Australia is set to ban the import, export, use and manufacture of three types of PFAS. If you trade in goods that contain PFAS this ban may affect you.
The listing of a chemical in schedule 7 of the IChEMS Register means that the chemical is of the highest risk of causing serious or irreversible harm to the environment.
The problem with PFAS (per-and polyfluoroalkyl substances) is that they do not break down readily in the environment, can travel long distances through soil and water and can get into groundwater. Evidence indicates that PFAS levels "build up in animals and humans and remain for many years in the human body", according to the Expert Health Panel for PFAS Summary Report.
What activities does the ban apply to?
The IChEMS Register sets out prohibitions where PFAS (either by itself or contained in a mixture, or in an article) is imported, exported, manufactured or used.
Exemptions are available if the presence of PFAS is only as an unintentional trace contaminant at certain defined levels of concentration stated in schedule 7. Other exemptions apply where the PFAS is for a research or laboratory purpose, imported under a hazardous waste permit, or where the PFAS is in an article that was in use on or before 1 July 2025.
Specific advice should be sought by businesses that trade in or use goods that contain PFAS.
What happens if PFAS is present?
Listing of the PFAS chemicals in the IChEMS Register does not actually create the ban. Rather, it is up to each jurisdiction to adopt the IChEMS in its own legislation.
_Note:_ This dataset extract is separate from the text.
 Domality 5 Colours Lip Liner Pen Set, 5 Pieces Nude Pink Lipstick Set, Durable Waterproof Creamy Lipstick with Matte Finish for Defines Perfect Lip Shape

What is the status of IChEMS implementation across Australia?
At present, the Commonwealth, States and Territories are at varying stages of implementing the IChEMS. The recent Interim Report by the Senate's Select Committee on PFAS indicates that this is an area of growing regulation across Australia. Currently however, only two States have specifically implemented the prohibitions:
Queensland has incorporated the IChEMS as a component of the general environmental duty under section 319A of the Environmental Protection Act 1994. Failure to comply with a risk management measure for a chemical in the IChEMS Register is "deemed non-compliance" with the general environmental duty, which is an offence. In the case of PFAS, the risk management measure is that the chemical is prohibited unless an exemption applies.
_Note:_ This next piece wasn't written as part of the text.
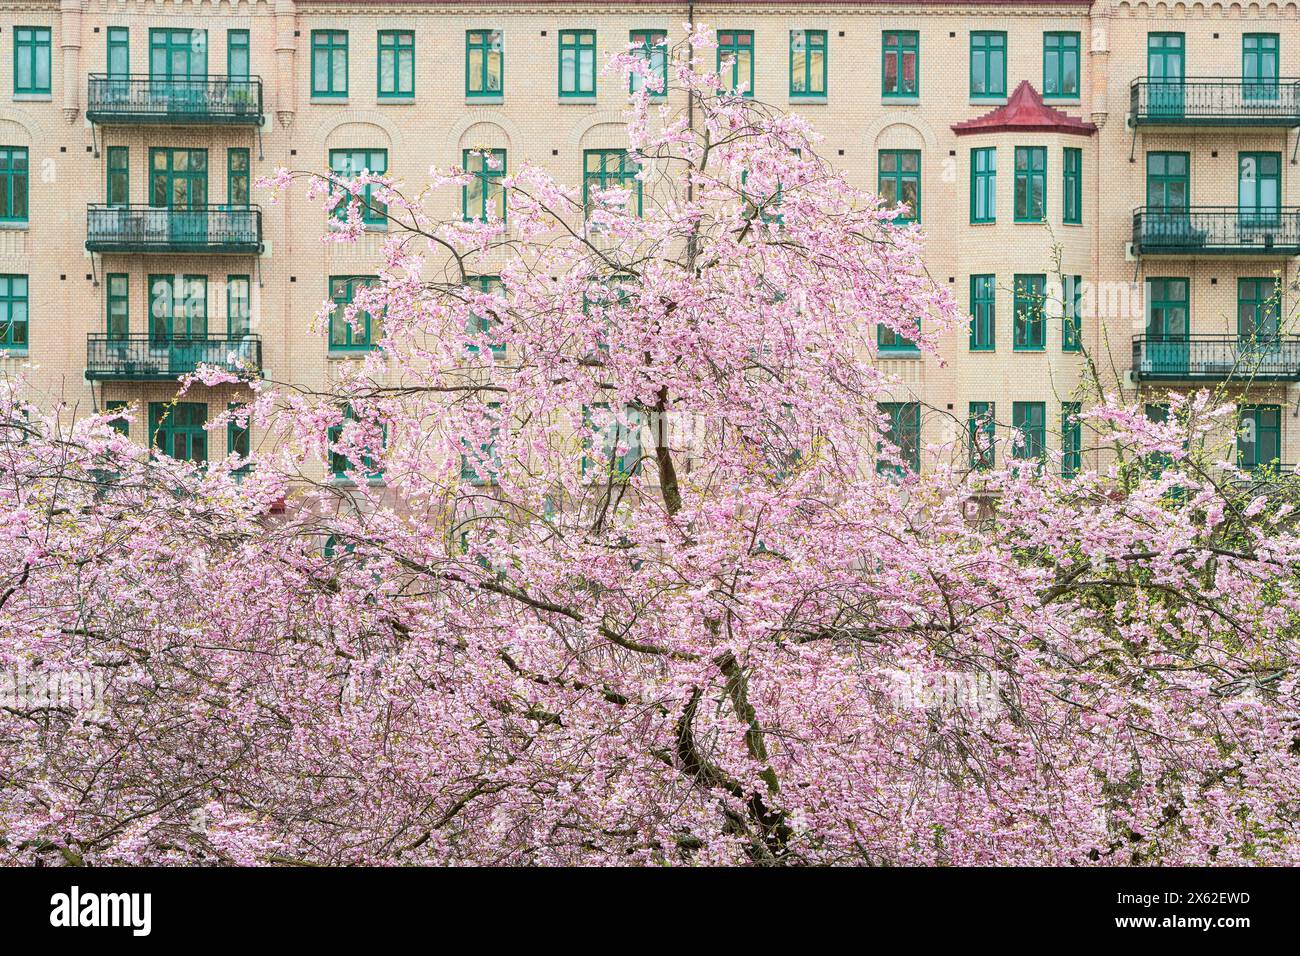 A vibrant cherry blossom tree with pink blossoms stands in front of a building in Gothenburg, Sweden. The tree adds a pop of color to the urban landsc Stock Photo

New South Wales has adopted the IChEMS Register under the Protection of the Environment Operations Act 1997 as the "NSW IChEMS Register: (which may be modified by regulation). Part 9.3E, division 1, of that Act contains:
an offence for doing a thing in relation to an industrial chemical on the NSW IChEMS Register if doing the thing is prohibited by the register (section 296C); and
provisions that make the use of an industrial chemical in a way that contravenes the risk management measures contained in the NSW IChEMS Register a "pollution incident" (section 296B), which can be enforced by the NSW EPA.
Other States have not yet introduced legislation to implement the ban.
The Commonwealth has not yet implemented IChEMS, but the Interim Report indicates that legislation to implement it at the border and on Commonwealth sites is under development.
Businesses that trade in, manufacture or use PFAS or goods containing PFAS should seek specific advice ahead of the 1 July ban.